Dopaminergic receptors are found in both the central nervous system and peripheral organs. In the central nervous system, dopamine receptors are widely expressed because they are involved in the control of locomotion, cognition, emotion, and affect as well as neuroendocrine secretion. In the periphery, dopamine receptors are present in kidney, vasculature, and pituitary, where they affect sodium homeostasis, vascular tone, and hormone secretion. Dopamine receptors are also found in the heart. It has been shown that activation of dopaminergic receptors by dopamine hydrochloride produces an inotropic effect (causes more intense contractions) on the heart muscle that, in turn, can raise blood pressure. Dopamine may also help correct low blood pressure due to low systemic vascular resistance. A unique property of dopamine is that low doses cause vasodilation and decreased systemic blood pressure; high doses (>7 mcg/kg/min) cause vasoconstriction and increase systemic blood pressure.

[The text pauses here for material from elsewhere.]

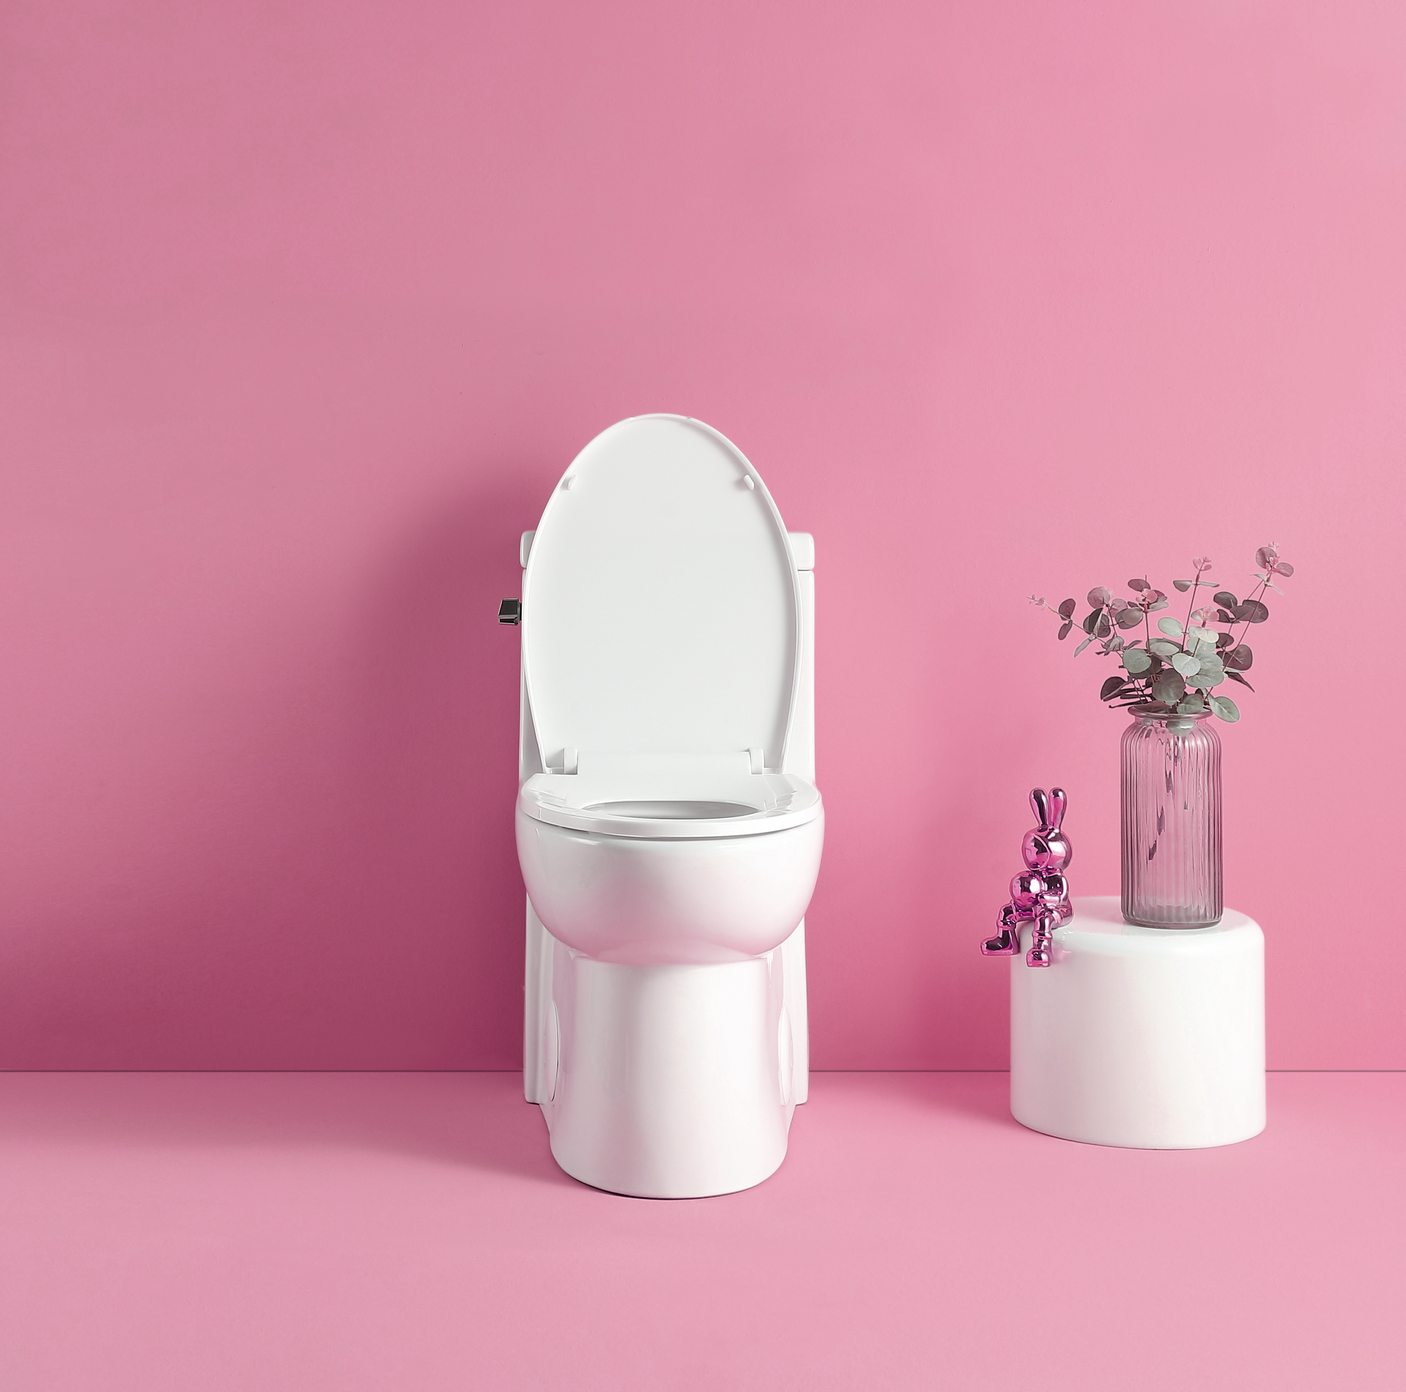 15 1/8 Inch 1.28 GPF 1-Piece Elongated Toilet with Soft-Close Seat - Gloss White  23T03-GW

All the above-described mechanisms are activated under stress states in the body. When increased hemodynamic demand occurs, a whole-body response which, in part, consists of hormones and neurotransmitters is activated. This activation helps to maintain or improve blood pressure and perfusion. As part of the activation process, epinephrine, norepinephrine, and dopamine are released into the circulation and interact with alpha, beta, and dopaminergic receptors to enhance blood flow to organs (brain, heart, lung, skeletal muscle) that require high blood flow and are essential for the “fight or flight” response while reducing blood flow to organs less essential to the immediate survival of the animal. This activation includes change in vasomotor tone which is modulated by alpha and dopaminergic receptors in the blood vessels. All injured, sick, or stressed animals evoke this response to some degree. The ability of the body to respond to these inputs is critical to maintain blood pressure and perfusion under abnormal conditions. The inability to maintain this response for an extended time can lead to the development of hypotension and shock states. In those cases, immediate intervention is required to avoid irreversible damage to the patient.

Hypotension

Hypotension is defined as systolic blood pressure of less than 90 millimeters of mercury (mm Hg) or mean pressure of less than 60 mm Hg. In the injured or critical patient, mean pressure is most commonly used as a benchmark for intervention unless the selected measurement technique (Doppler) does not measure that value in which case systolic pressure is benchmarked. Hemodynamic factors that contribute to hypotension include the following.

Heart Rate

Plays a significant role in blood pressure regulation. Studies have shown that heart rates less than 70 or greater than 200 beats per minute in the dog significantly reduce cardiac output. In cats, the heart rate should be greater than 100 and less than 225 beats per minute. These cut points are not only for hemodynamic parameters but also for electrophysiologic reasons in that, arrhythmias may be noted at heart rates outside this range.

Poor Systolic Function

Decreased cardiac contractility is noted in many clinical states. If impaired systolic function results from drug administration, i.e., anesthetic drugs, the first action step is to reduce drug dose to improve SV and CO. If not successful, inotropic support drugs (dopamine, dobutamine, or ephedrine) are administered to improve SV and CO. These drugs interact with myocardial cell surface receptors to facilitate intracellular calcium release thereby improving contractility. Intravenous calcium administration has also been shown to be effective in SV and CO improvement. This is due to calcium uptake through specific channels in the myocyte cell surface. Impaired systolic efficiency secondary to disruption of normal electrical depolarization sequence and/or mechanical response may decrease systemic blood pressure. Timing disruption during the cardiac cycle (arrhythmias) affects cardiac filling and forward flow generation. Depending on arrhythmia frequency, the aggregate effect is hypotension. Similar effects have been documented with both bradyarrhythmias and tachyarrhythmias. Management is based on identification of the arrhythmia origin and frequency; if the arrhythmia is considered to place the patient “at risk,” management with antiarrhythmic drugs is indicated.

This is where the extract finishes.